Raw data
-*-*-

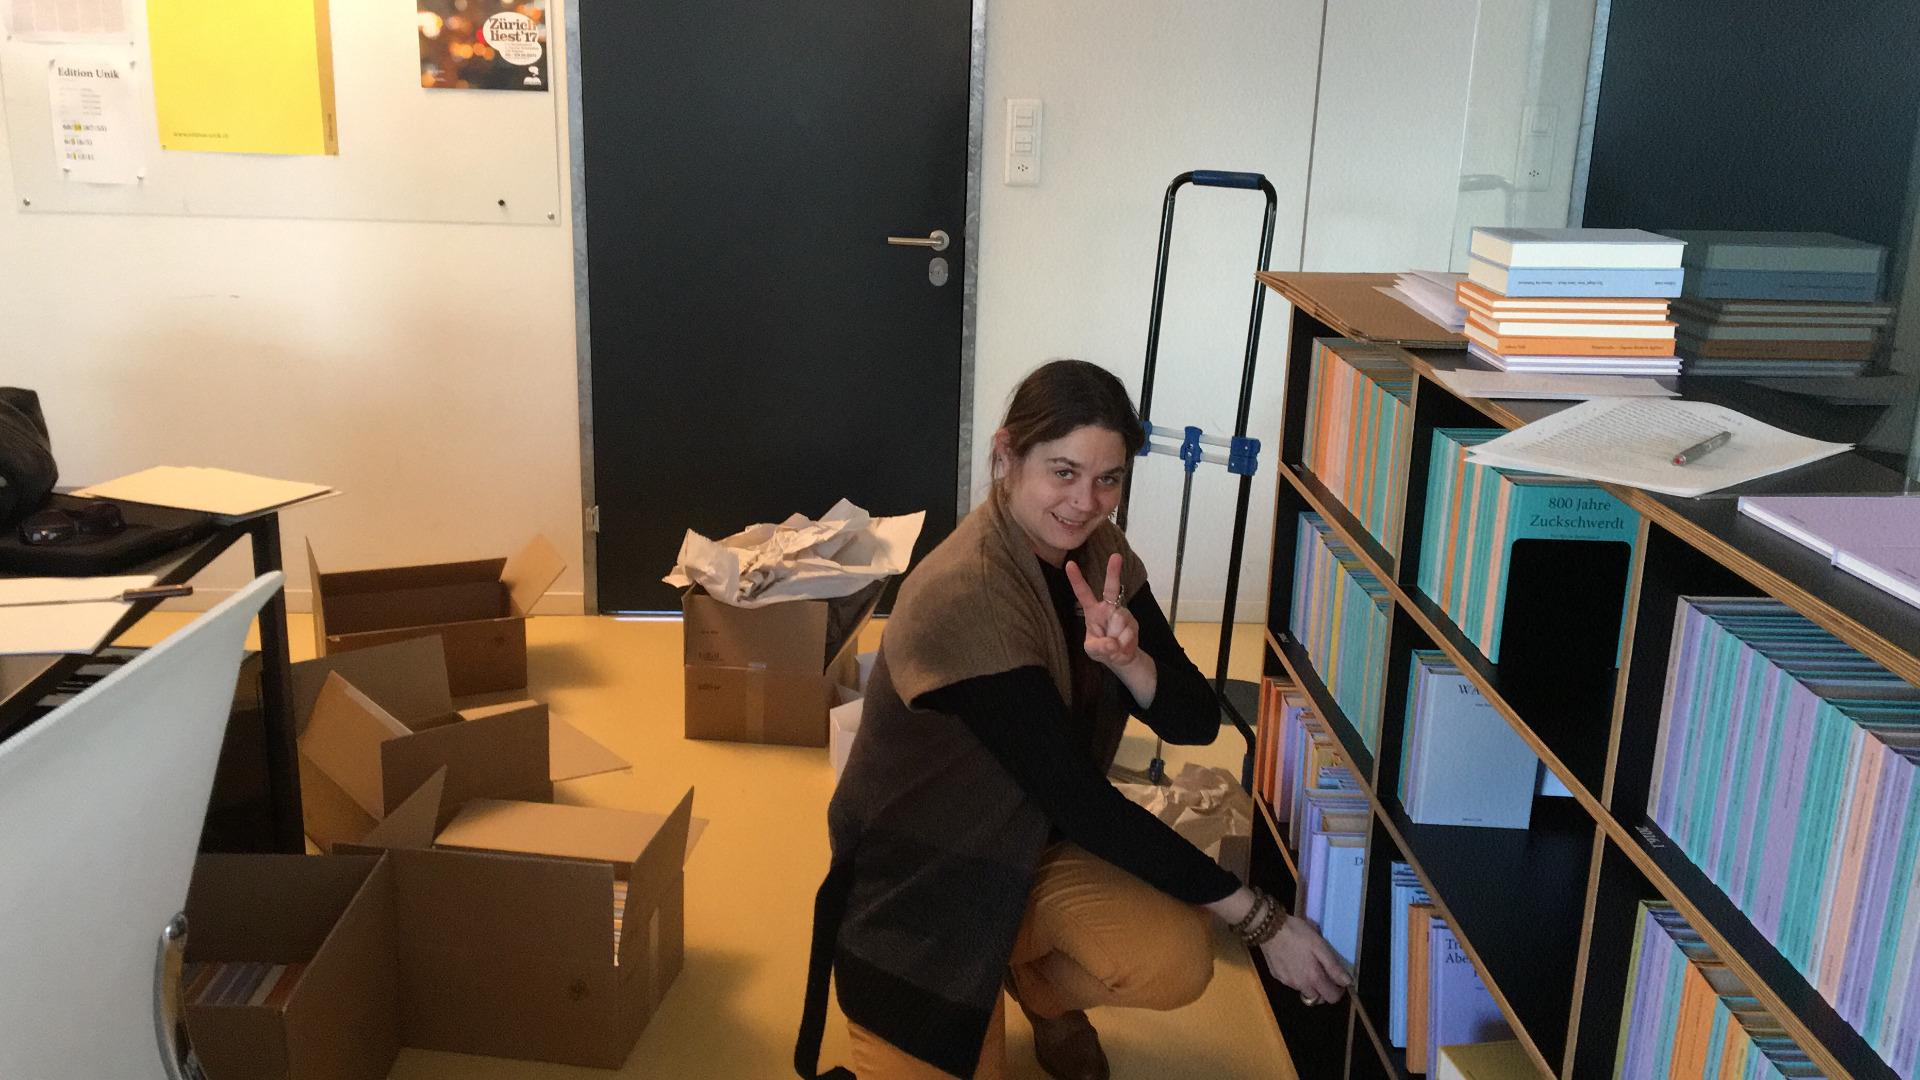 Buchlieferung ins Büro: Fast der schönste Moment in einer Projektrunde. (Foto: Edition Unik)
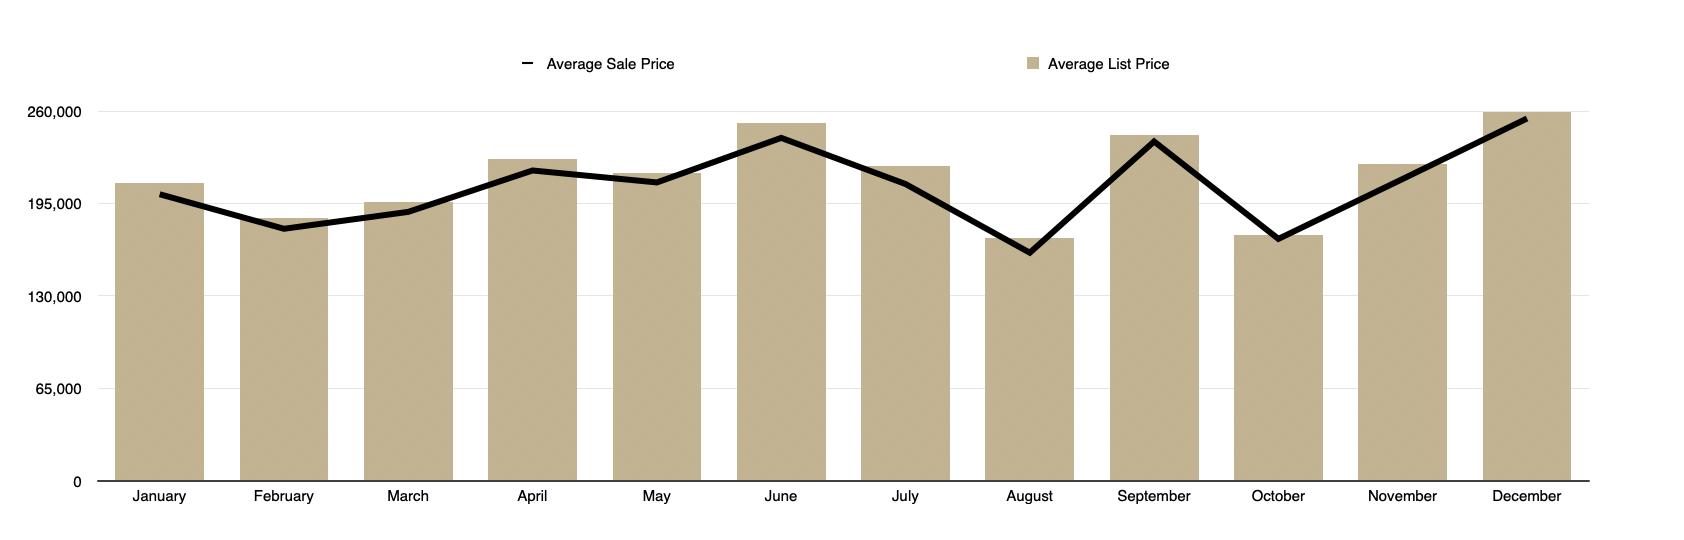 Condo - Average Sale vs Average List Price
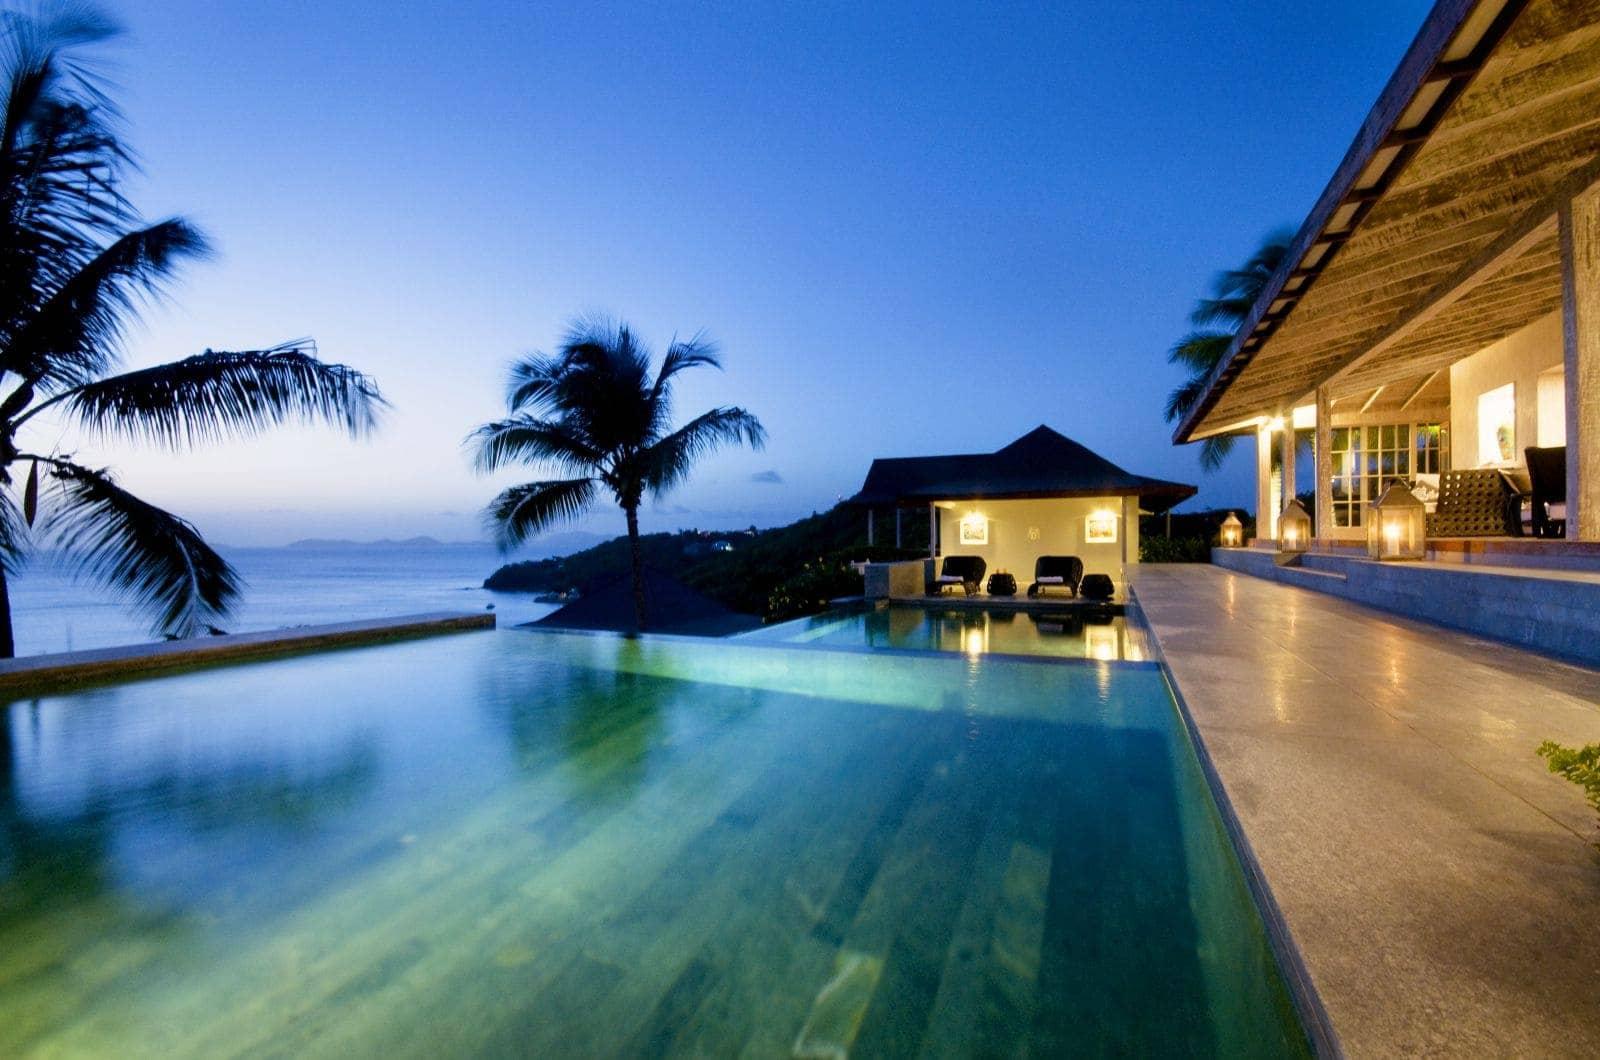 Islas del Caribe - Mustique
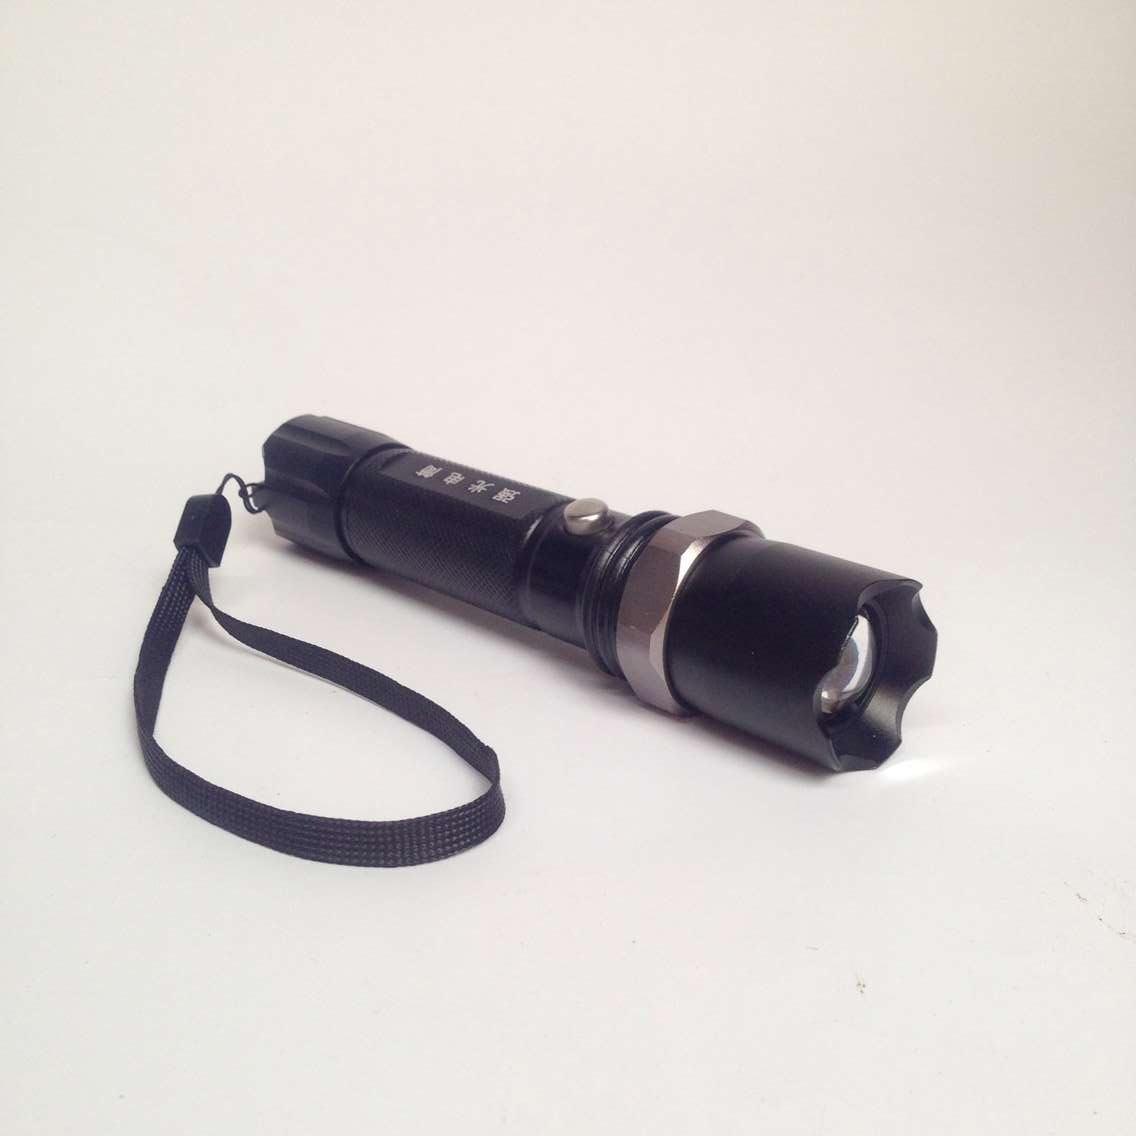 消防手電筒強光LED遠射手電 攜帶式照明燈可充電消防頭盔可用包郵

-*-*-

An exact copy of the material above is required, minus its images.

 Buchlieferung ins Büro: Fast der schönste Moment in einer Projektrunde. (Foto: Edition Unik)
 Condo - Average Sale vs Average List Price
 Islas del Caribe - Mustique
 消防手電筒強光LED遠射手電 攜帶式照明燈可充電消防頭盔可用包郵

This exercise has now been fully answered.